Diplopodospongia, Sim-Smith, Carina & Kelly, Michelle, 2011

Sim-Smith, Carina & Kelly, Michelle, 2011, Two new genera in the family Podospongiidae (Demospongiae: Poecilosclerida) with eight new Western Pacific species, Zootaxa 2976, pp. 32-54 : 46

publication ID

https://doi.org/ 10.5281/zenodo.200731

DOI

https://doi.org/10.5281/zenodo.6194137

persistent identifier

https://treatment.plazi.org/id/F11287F0-1A11-C239-0BB6-112C93A1F87B

treatment provided by

Plazi

scientific name

Diplopodospongia
status

gen. nov.

Genus Diplopodospongia View in CoL gen. nov.

Type species: Diplopodospongia rara gen. nov. sp. nov., here designated.

Diagnosis. Thinly encrusting deep-water Podospongiidae with a thin, granular, leathery, wrinkled surface that is not easily removed from the underlying crumbly choanosome. Oscules are not visible in life. Megascleres are anisoxeas, frequently centrotylote or polytylote, occasionally slightly sinuous, forming thick loose swathes that emerge from the base of the sponge and meander towards the surface, bifurcating at least once, and forming rough brushes at the surface. Microscleres are symmetrical diplospinorhabds in which the basal spine(s) and basal whorl, and apical whorl and apical spine(s), are similar in ornamentation and orientation, but one whorl might be slightly wider than the other. Protospinorhabds are linear, and shaped like a bow-tie. Microscleres form a thick crust in the ectosome and are abundant in the choanosome.
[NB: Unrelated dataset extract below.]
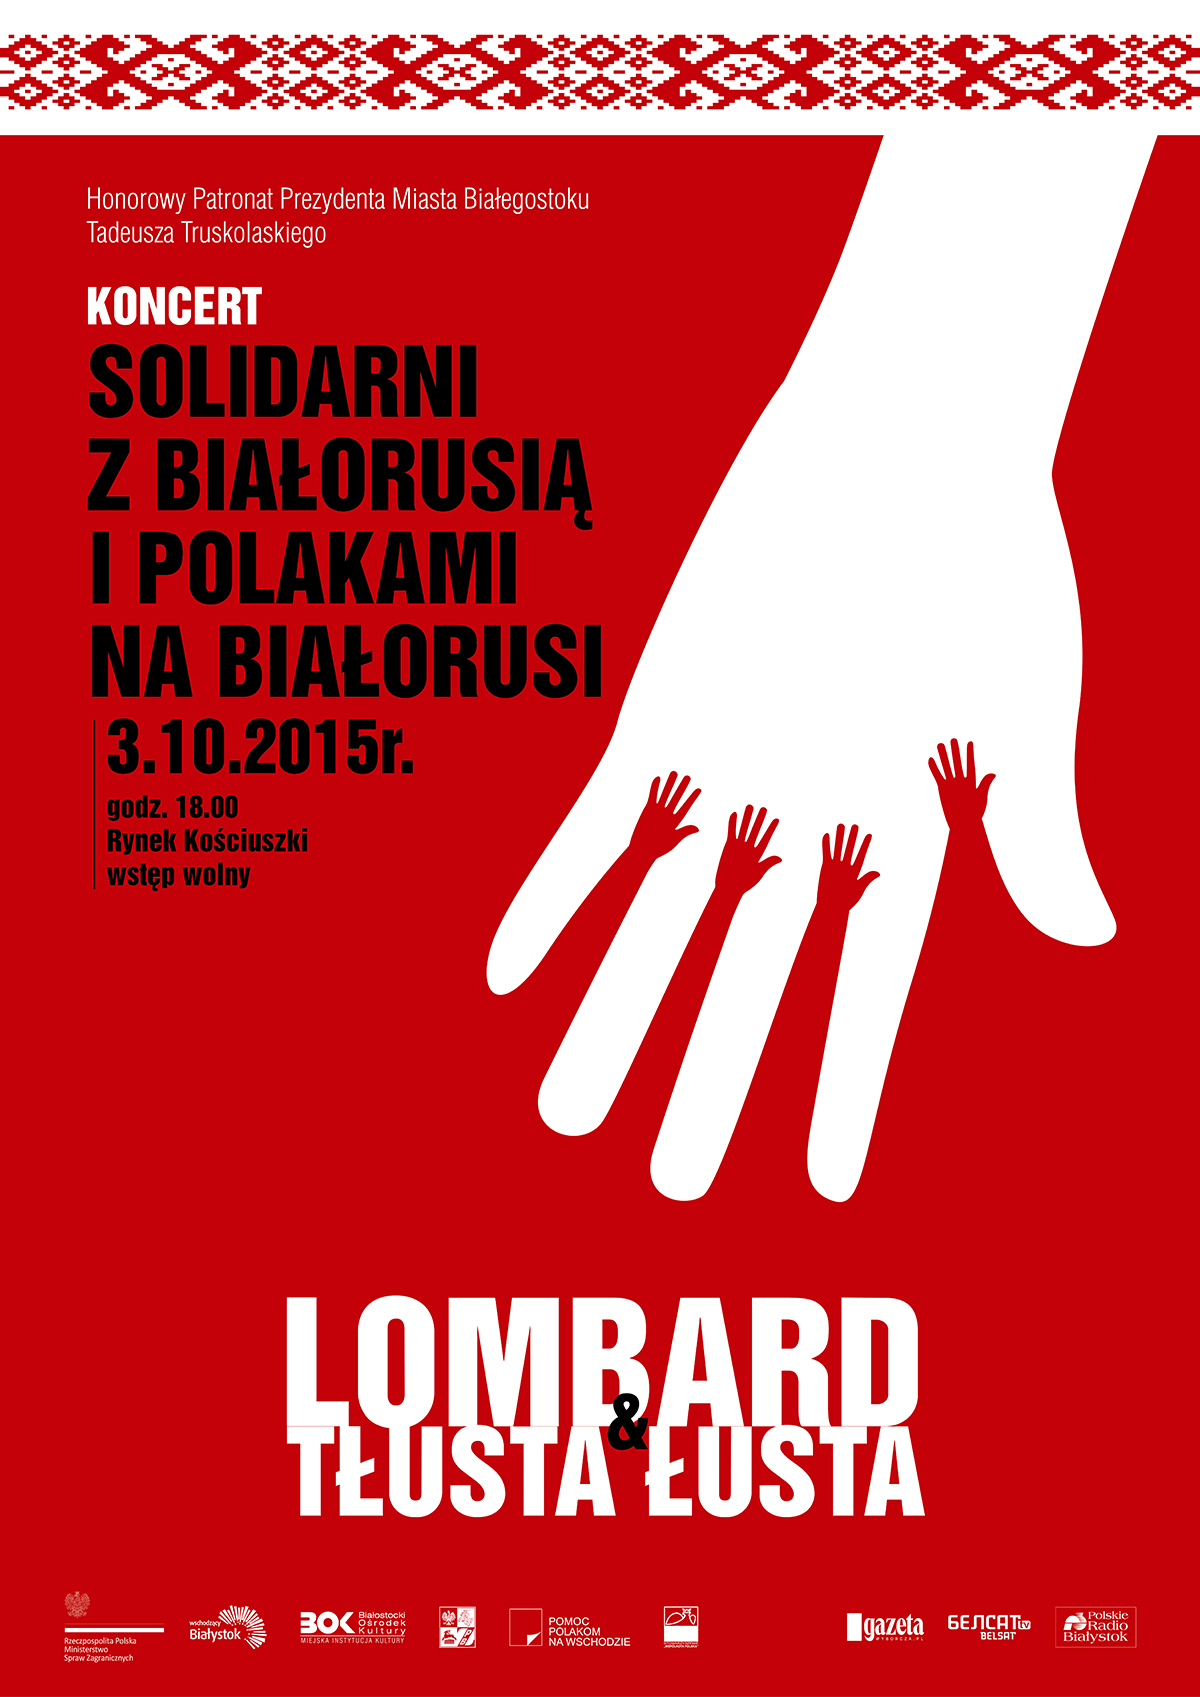 Plakat informujący o koncercie solidani z białorusią

Etymology. Named for the characteristic dumbbell- or diplaster-shaped microscleres, the ends of which are not always identical, but very similar (diplo =Latin for double).

Remarks. Diplopodospongia gen. nov. has diplospinorhabd microscleres with linear or bow-tie-shaped protorhabds, with barely discernible tract development compared to that of other podospongiids; Diacarnus , Sigmosceptrella , Negombata , and Neopodospongia gen. nov. have a range of plumose fibre development with Diacarnus having the most complex and Neopodospongia gen. nov. having the least complex arrangement. In general terms, the diplospinorhabd microscleres are reminiscent of the dumbbell forms of spinorhabds in S. fibrosa , but the microscleres of this species are quite regular with only rare, if any, bifurcation of the spines in the apex, and are more like those of Diacarnus spp. The protospinorhabds of Diplopodospongia gen. nov. are linear as in Diacarnus , with expansions at each end, not sigmoidal as in Sigmosceptrella , Negombata , Podospongia , and Neopodospongia gen. nov., indicating quite a different development path for these microscleres.

In the initial study of specimens, acanthostyles were occasionally present in almost all spicule preparations and sections of Diplopodospongia gen. nov. sp. nov., suggesting affinity with Acanthancora Topsent, 1927 ( Poecilosclerida : Hymedesmiidae ); two species, A. aenigma ( Lundbeck 1910) and A. cyanocrypta (de Laubenfels 1930), have diplaster-like microscleres amongst the highly ornate, highly modified arcuate chelae. However, further examinations confirmed that they were foreign inclusions, and there is no evidence whatsoever of the microscleres of Diplopodospongia being derived from chelae. The diplospinorhabds are also highly reminiscent of microscleres in the hadromerid genera Diplastrella Topsent, 1918 , and the ‘sclerosponge’ genera Acanthochaetetes Fisher, 1970 , and Willardia Willenz & Pomponi, 1996 , but all have spiraster-like microscleres in addition to diplasters, and the principal megascleres are tylostyles. The latter genera also have a basal calcareous skeleton.